<<<<

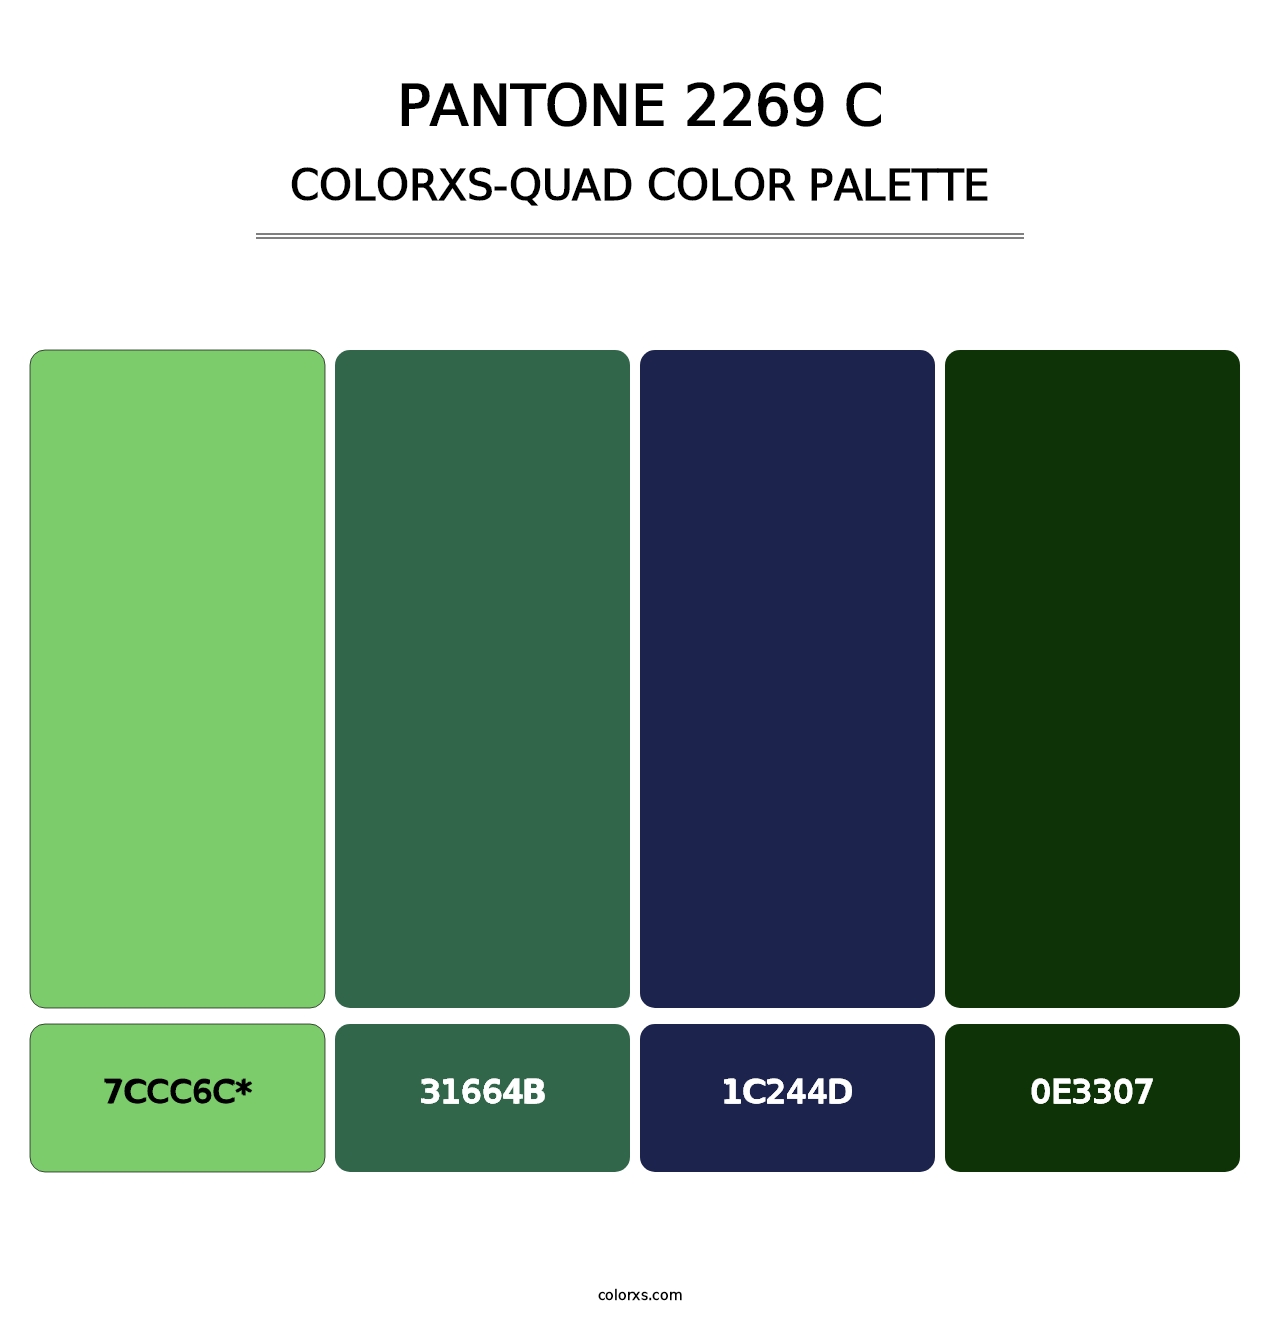 PANTONE 2269 C - Colorxs Quad Palette
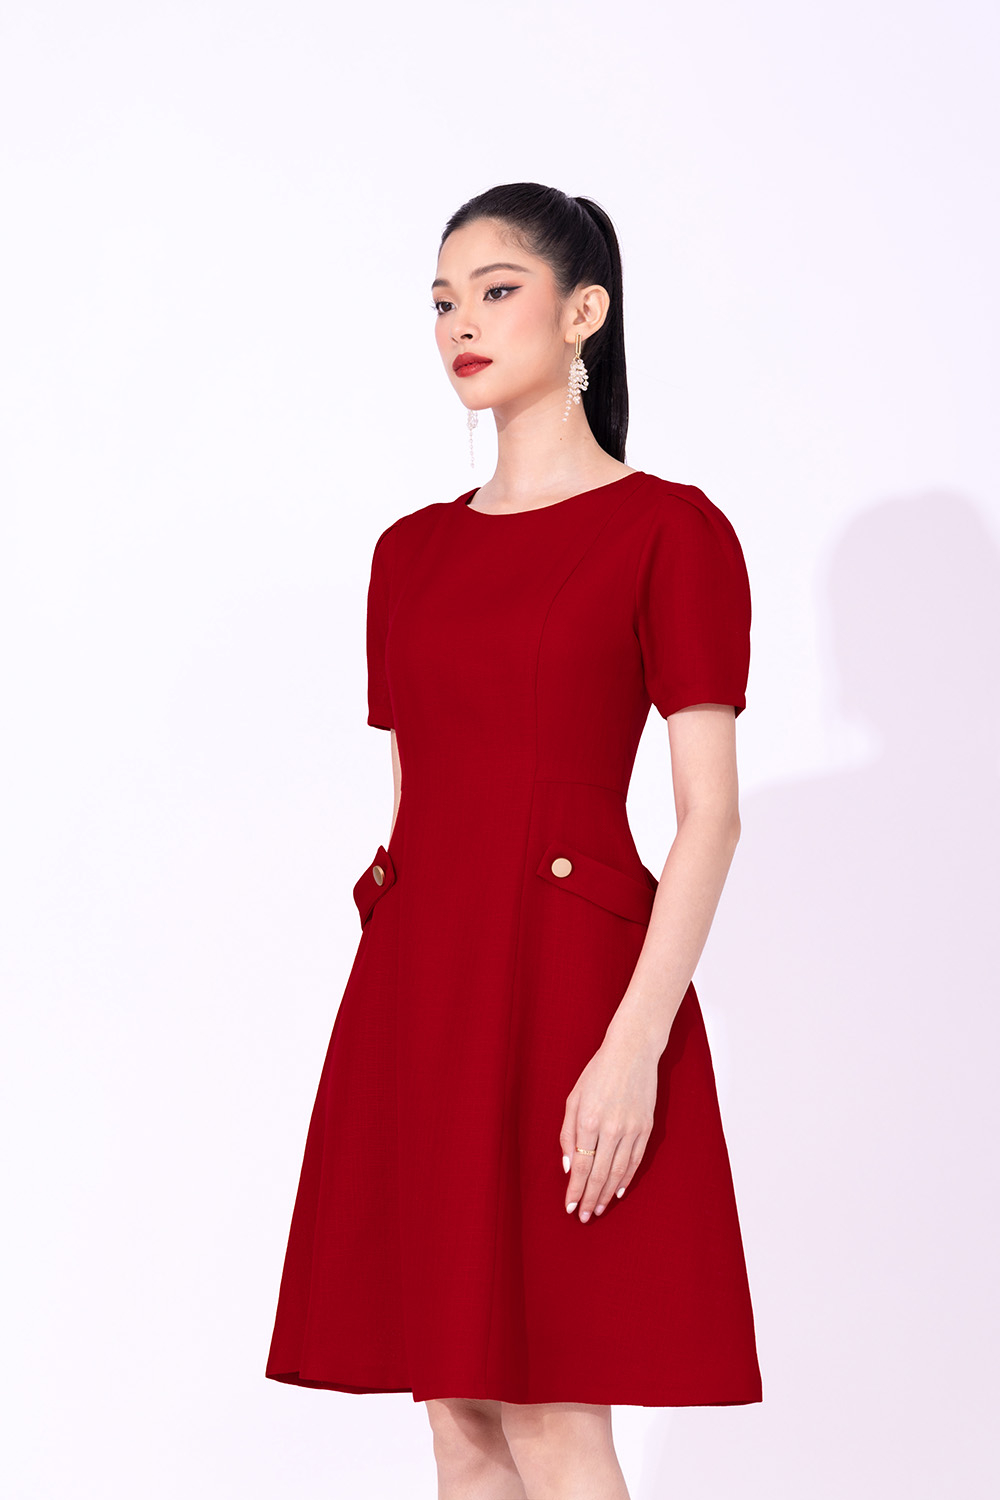 Mới) Mã A0691 Giá 1170K: Váy Đầm Liền Thân Dáng Dài Nữ Gutdn Big Size Ngoại  Cỡ Dài Tay Họa Tiết Hoa Thời Trang Nữ Chất Liệu G04 Sản Phẩm Mới, (Miễn
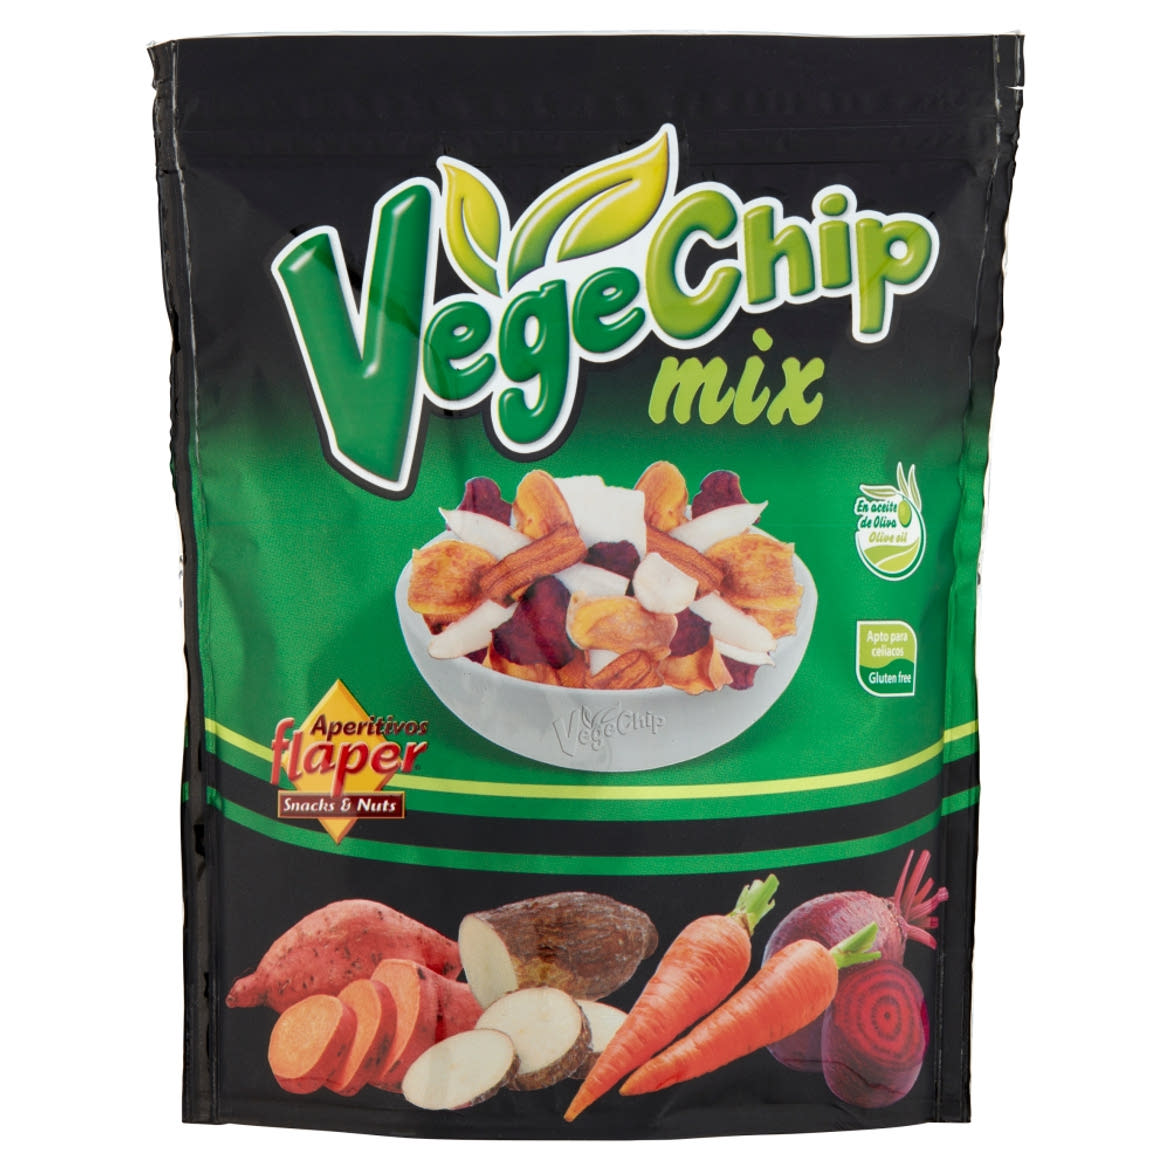 Aperitivos Flaper vegyes zöldség chips 70 g
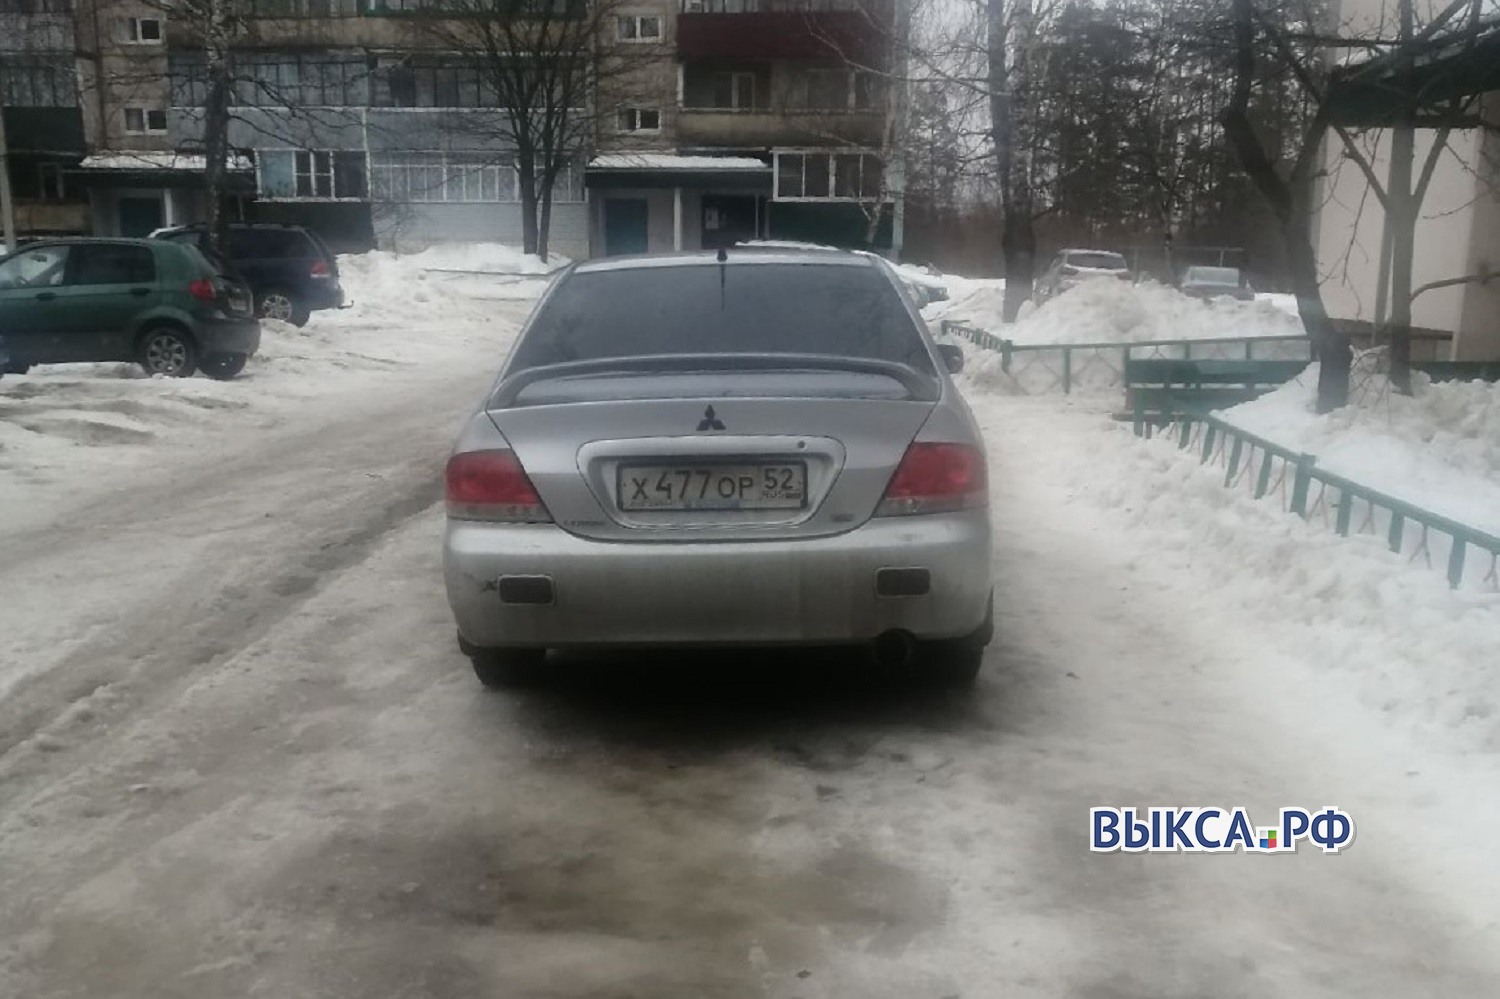 Автомобилисты перекрыли тротуар в микрорайоне Жуковского

>>>>

■ Task prompt: Would you please output the listing above exactly, leaving out the pictures?

■ Answer to this problem:
 PANTONE 2269 C - Colorxs Quad Palette
 Mới) Mã A0691 Giá 1170K: Váy Đầm Liền Thân Dáng Dài Nữ Gutdn Big Size Ngoại  Cỡ Dài Tay Họa Tiết Hoa Thời Trang Nữ Chất Liệu G04 Sản Phẩm Mới, (Miễn
 Aperitivos Flaper vegyes zöldség chips 70 g
 Автомобилисты перекрыли тротуар в микрорайоне Жуковского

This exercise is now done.